(Prompt)
Reproduce, without alteration, every line of the data; exclude the images.

(Stored data)

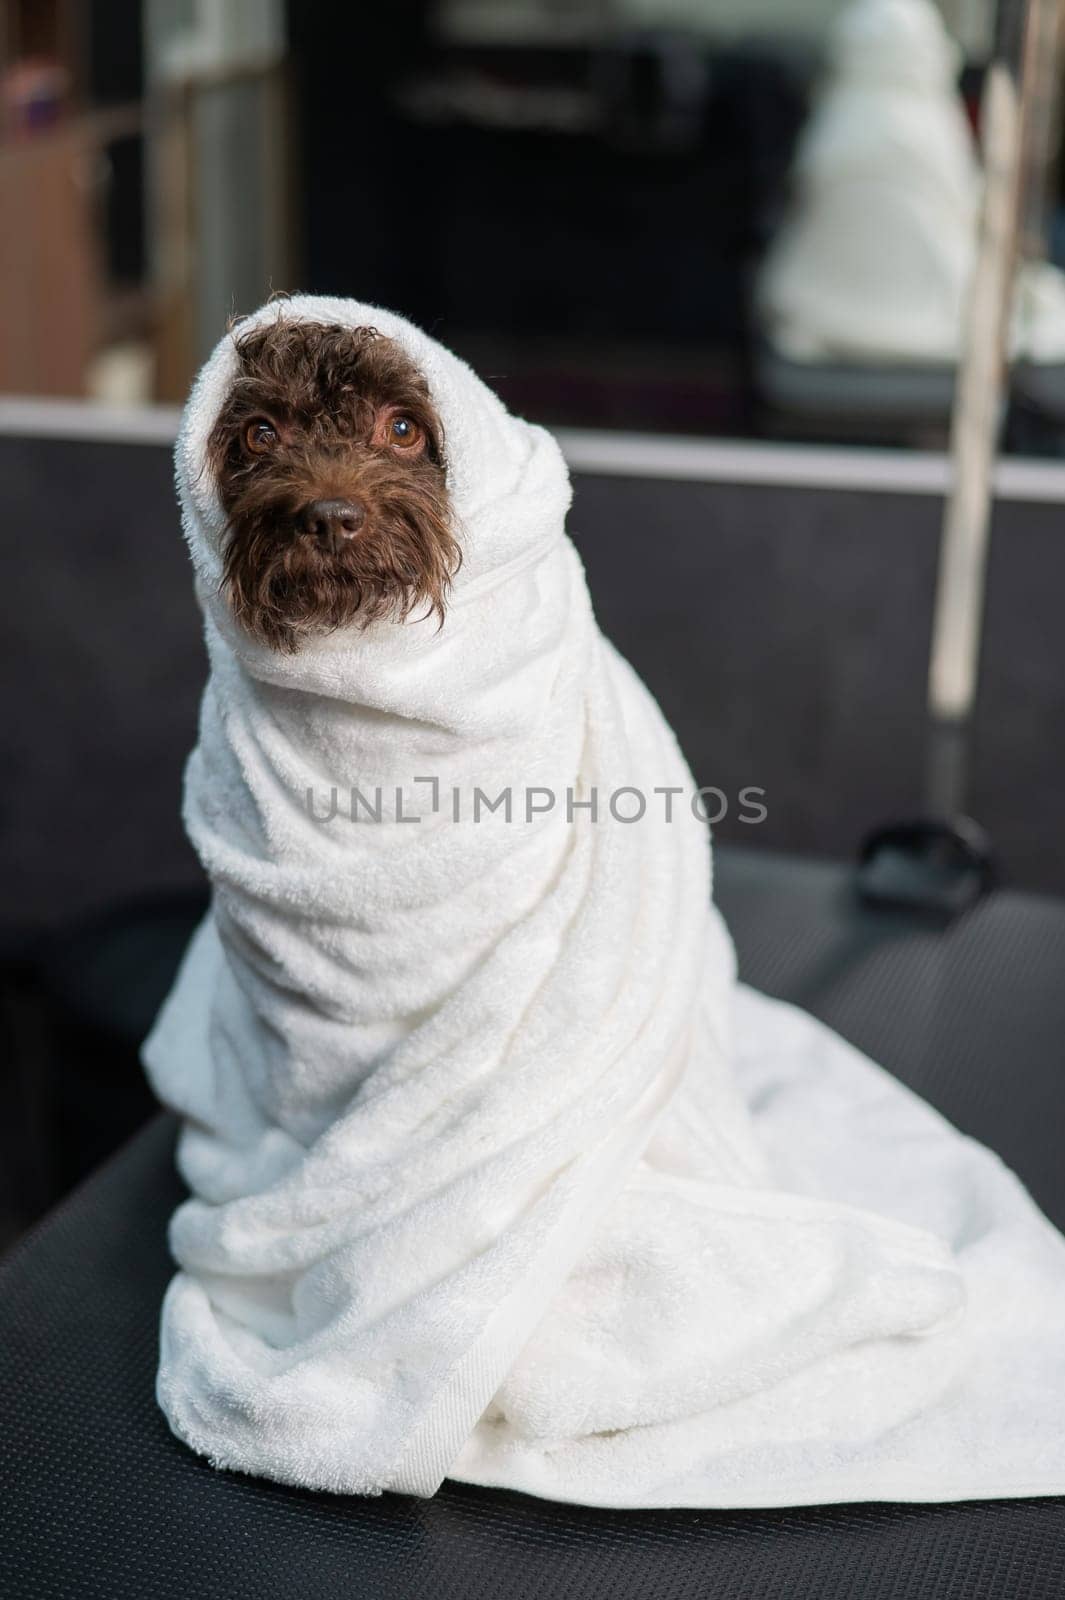 Cute brown mini poodle wrapped in a white towel after washing in a grooming salon. by mrwed54
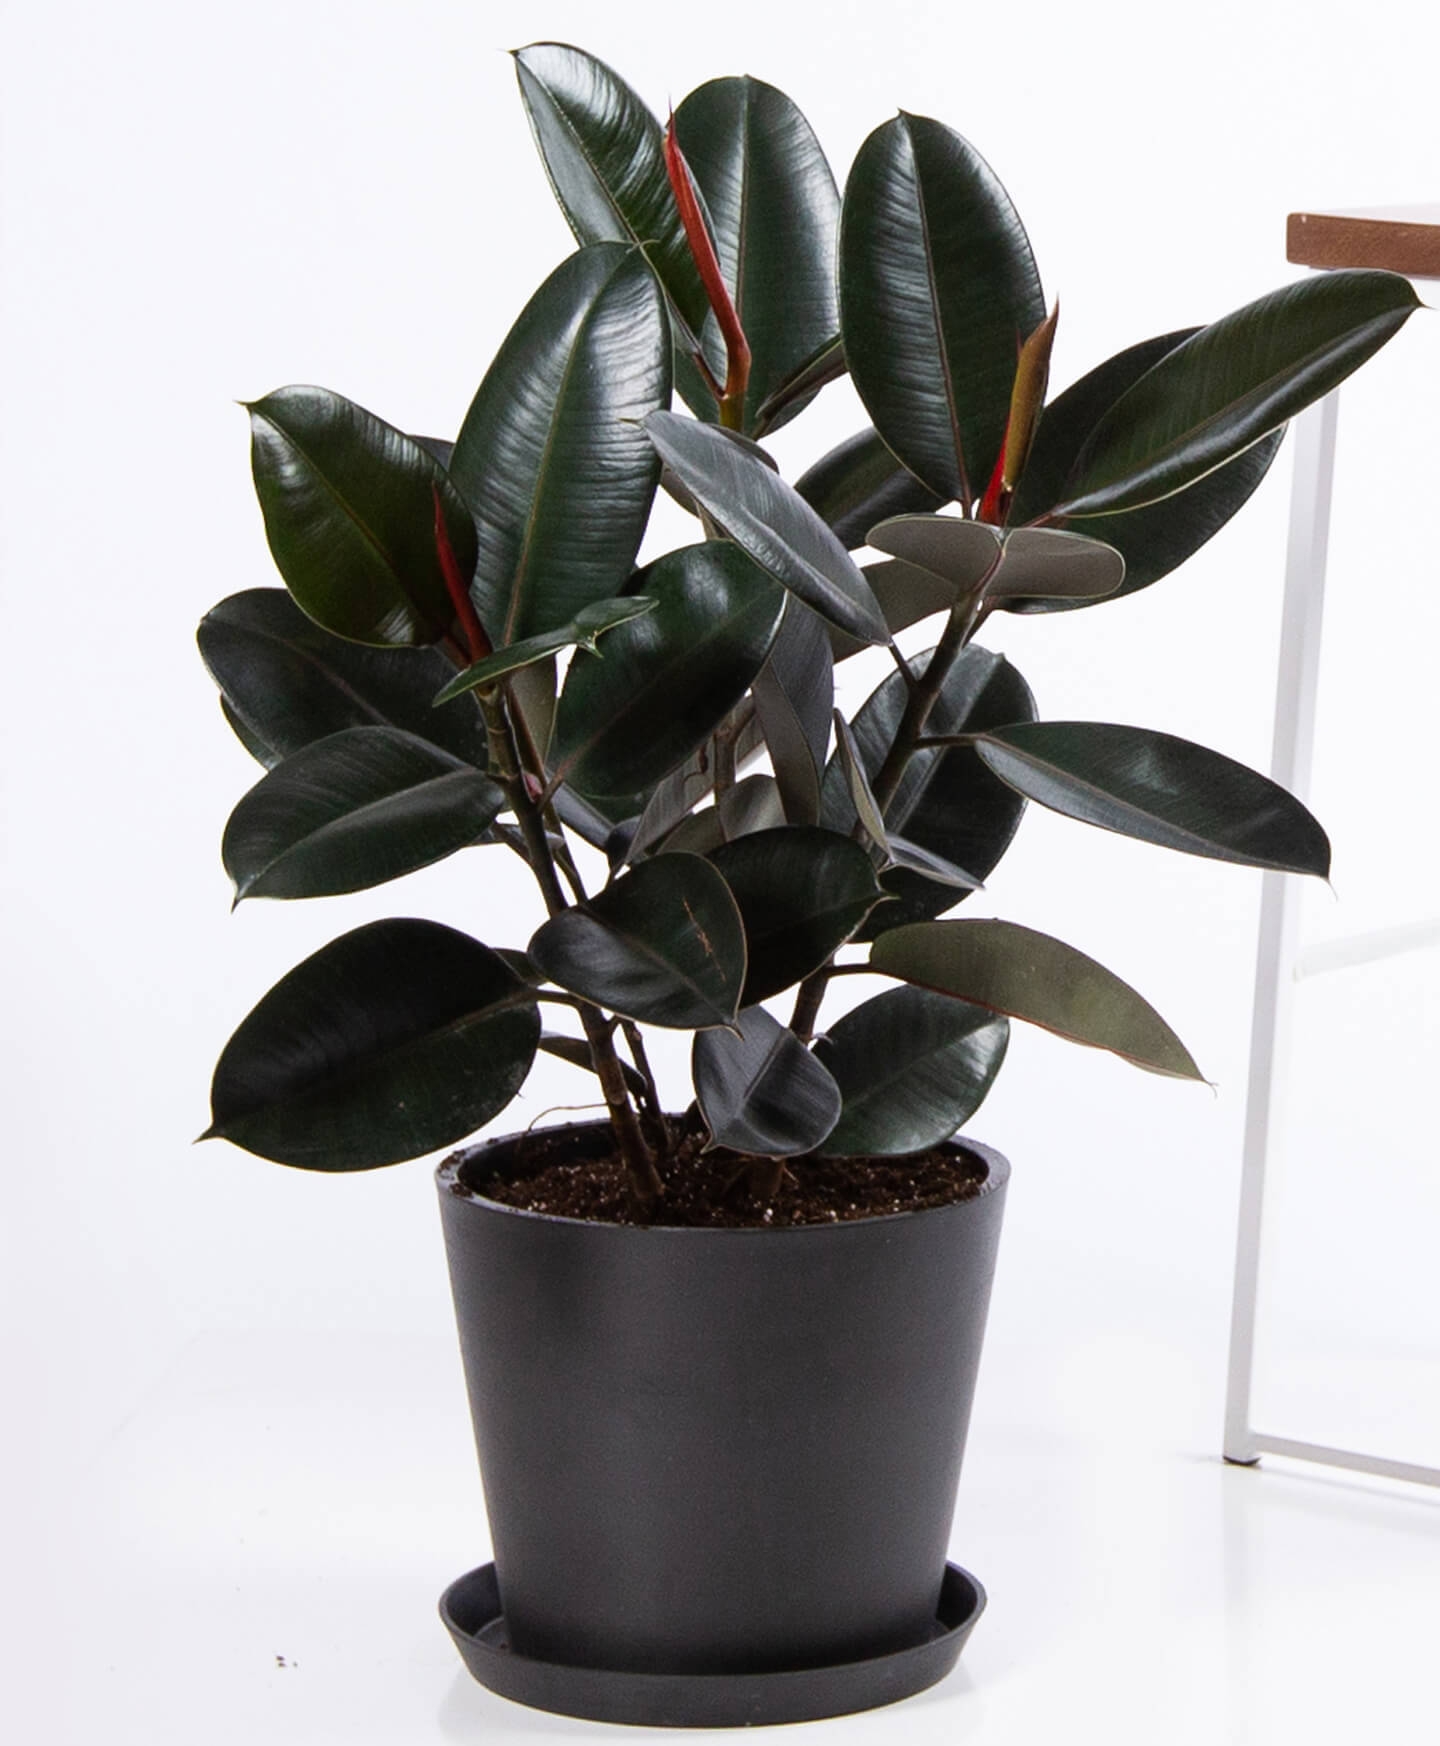 Burgundy rubber tree - Charcoal - Image 0
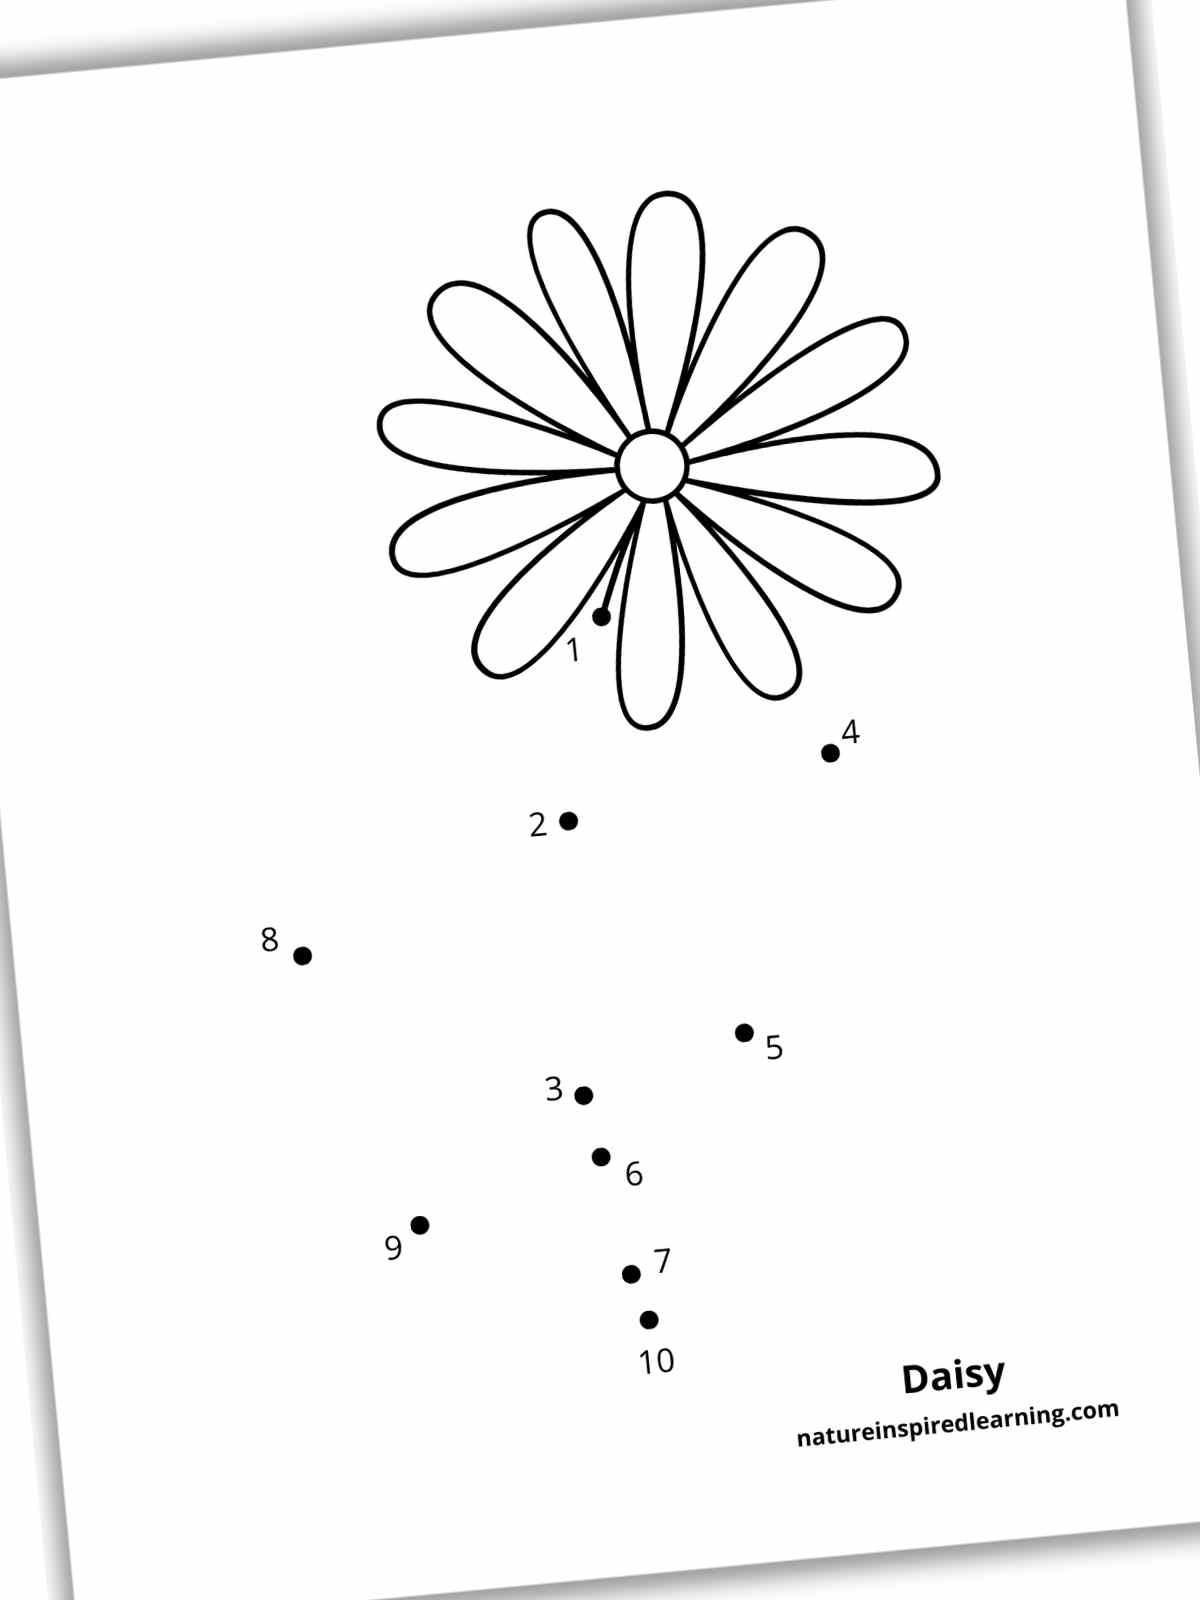 Black and white dot to dot worksheet with a daisy at the top and a missing stem. Numbers 1-10 next to dots below the flower.
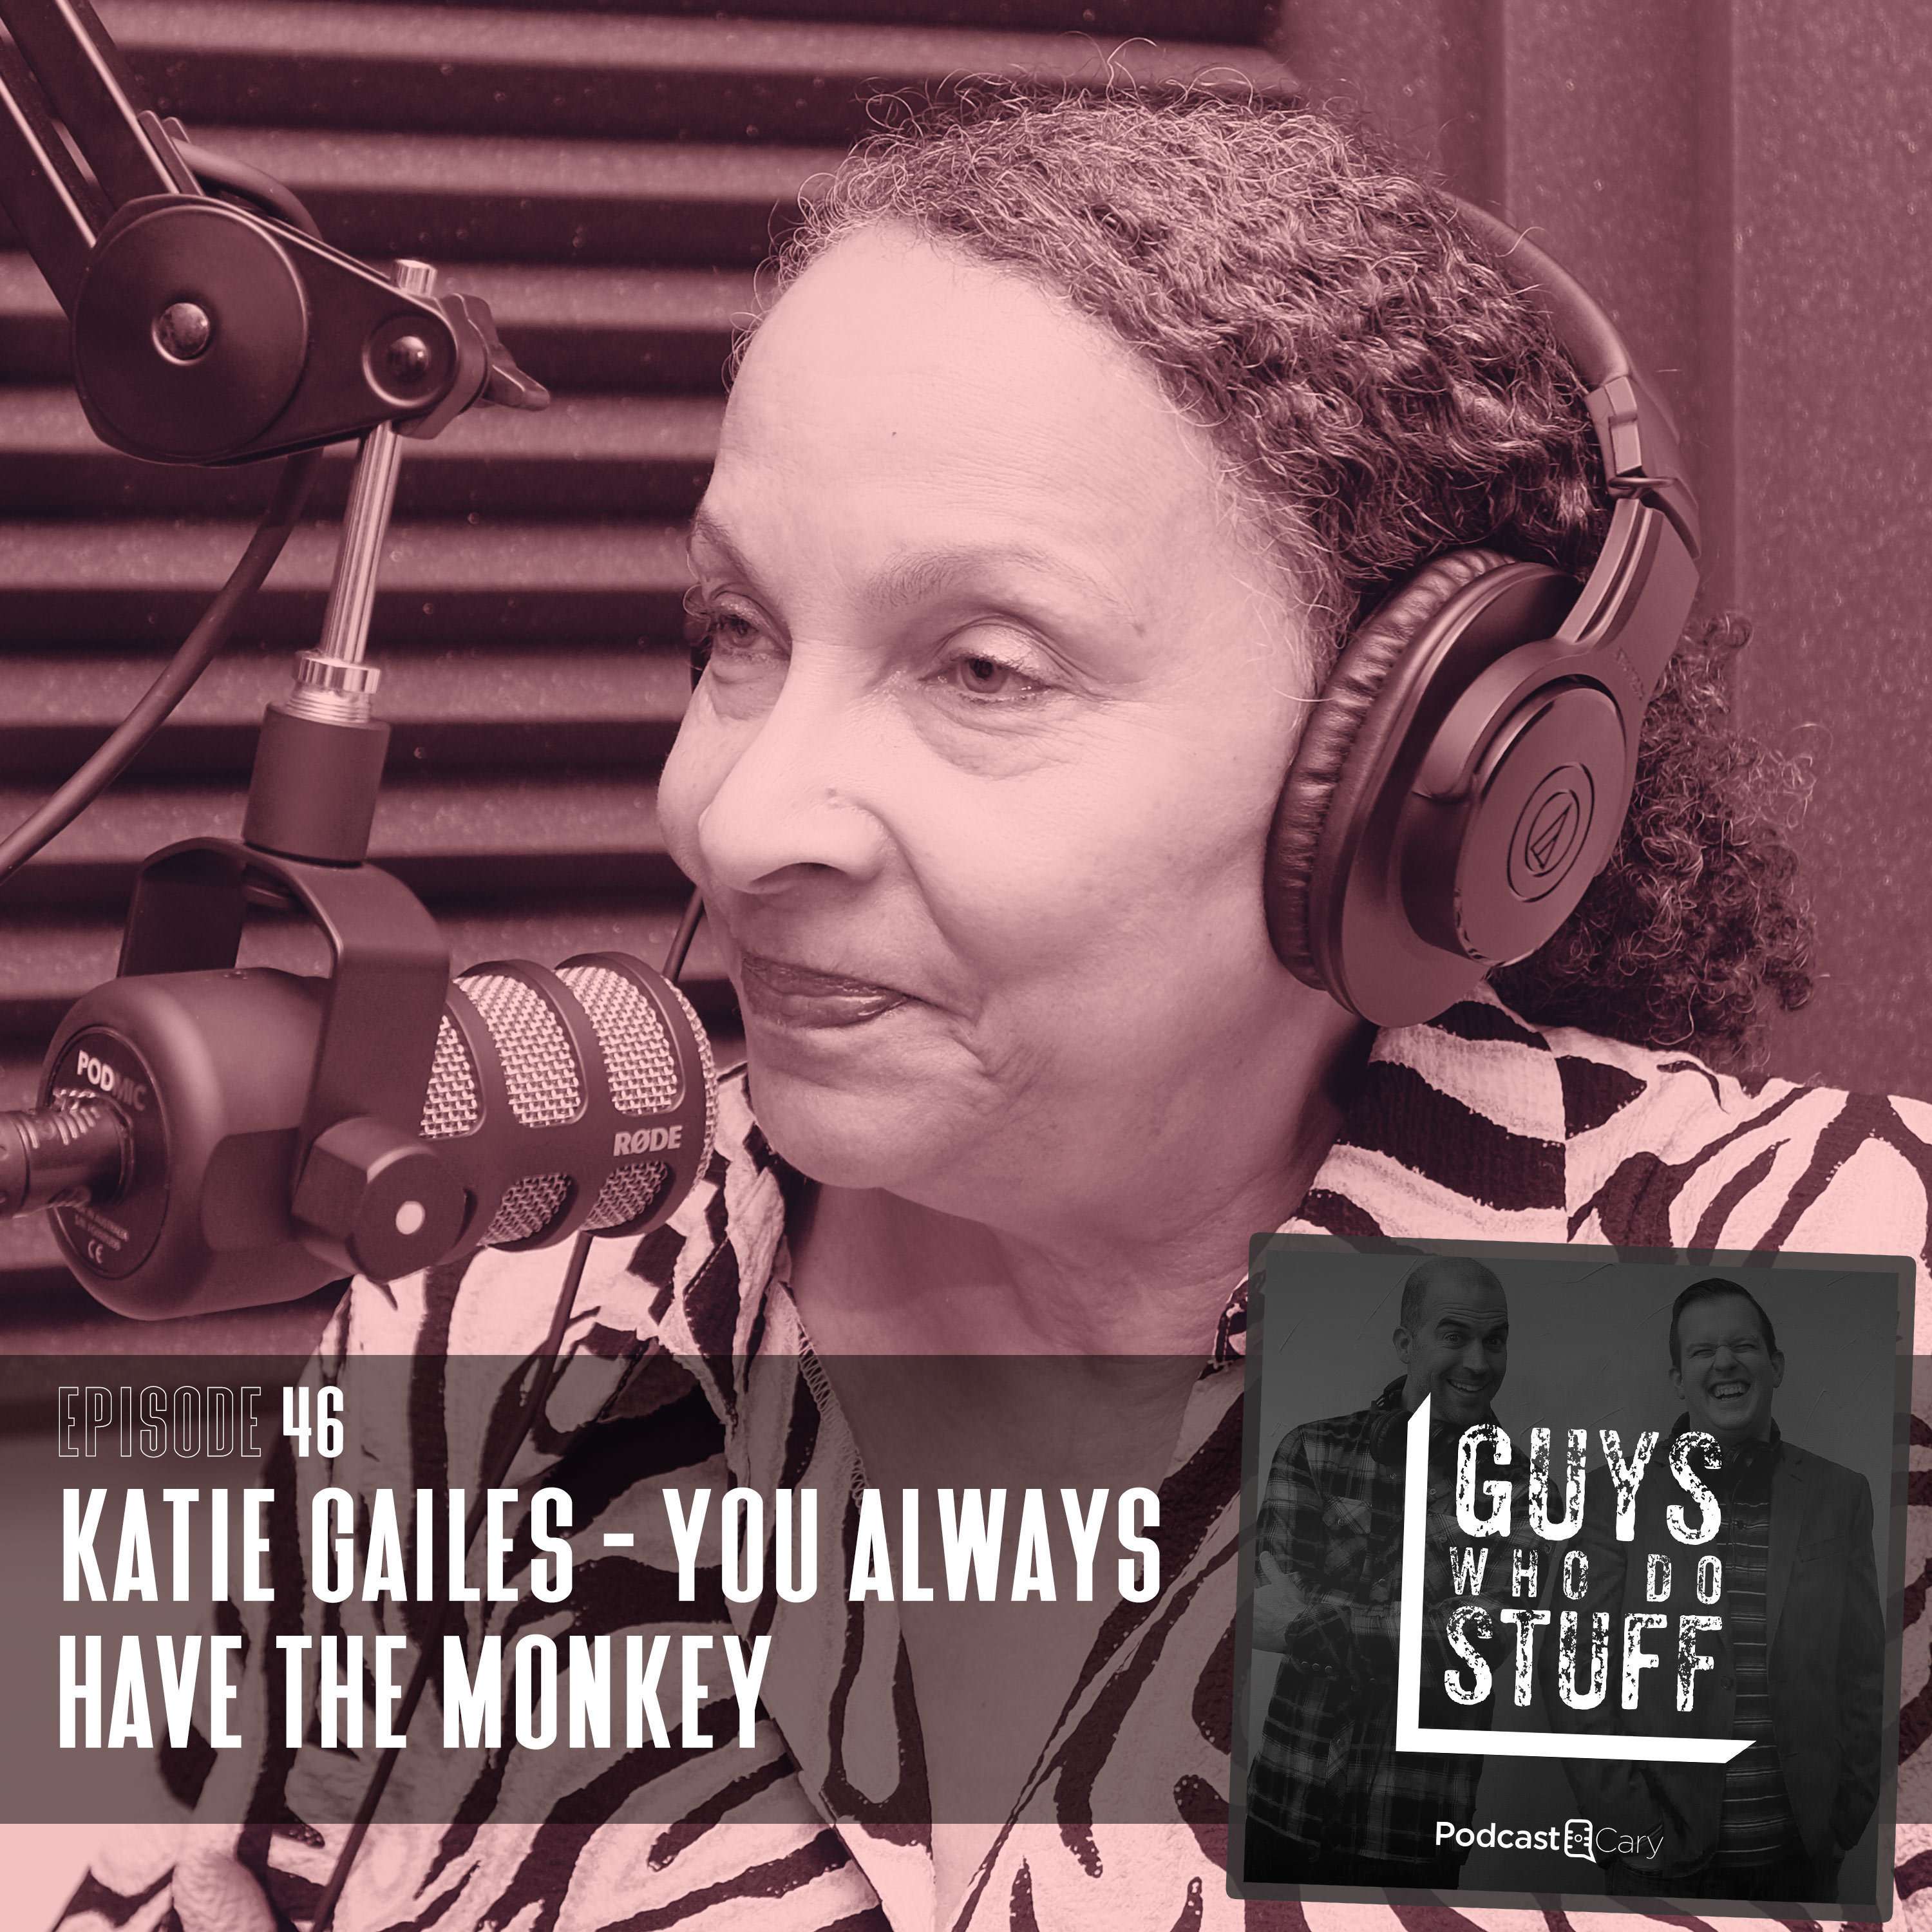 Katie Gailes - You always have the monkey

(Result of this exercise)
 Cute brown mini poodle wrapped in a white towel after washing in a grooming salon. by mrwed54
 Burgundy rubber tree - Charcoal - Image 0
 Black and white dot to dot worksheet with a daisy at the top and a missing stem. Numbers 1-10 next to dots below the flower.
 Katie Gailes - You always have the monkey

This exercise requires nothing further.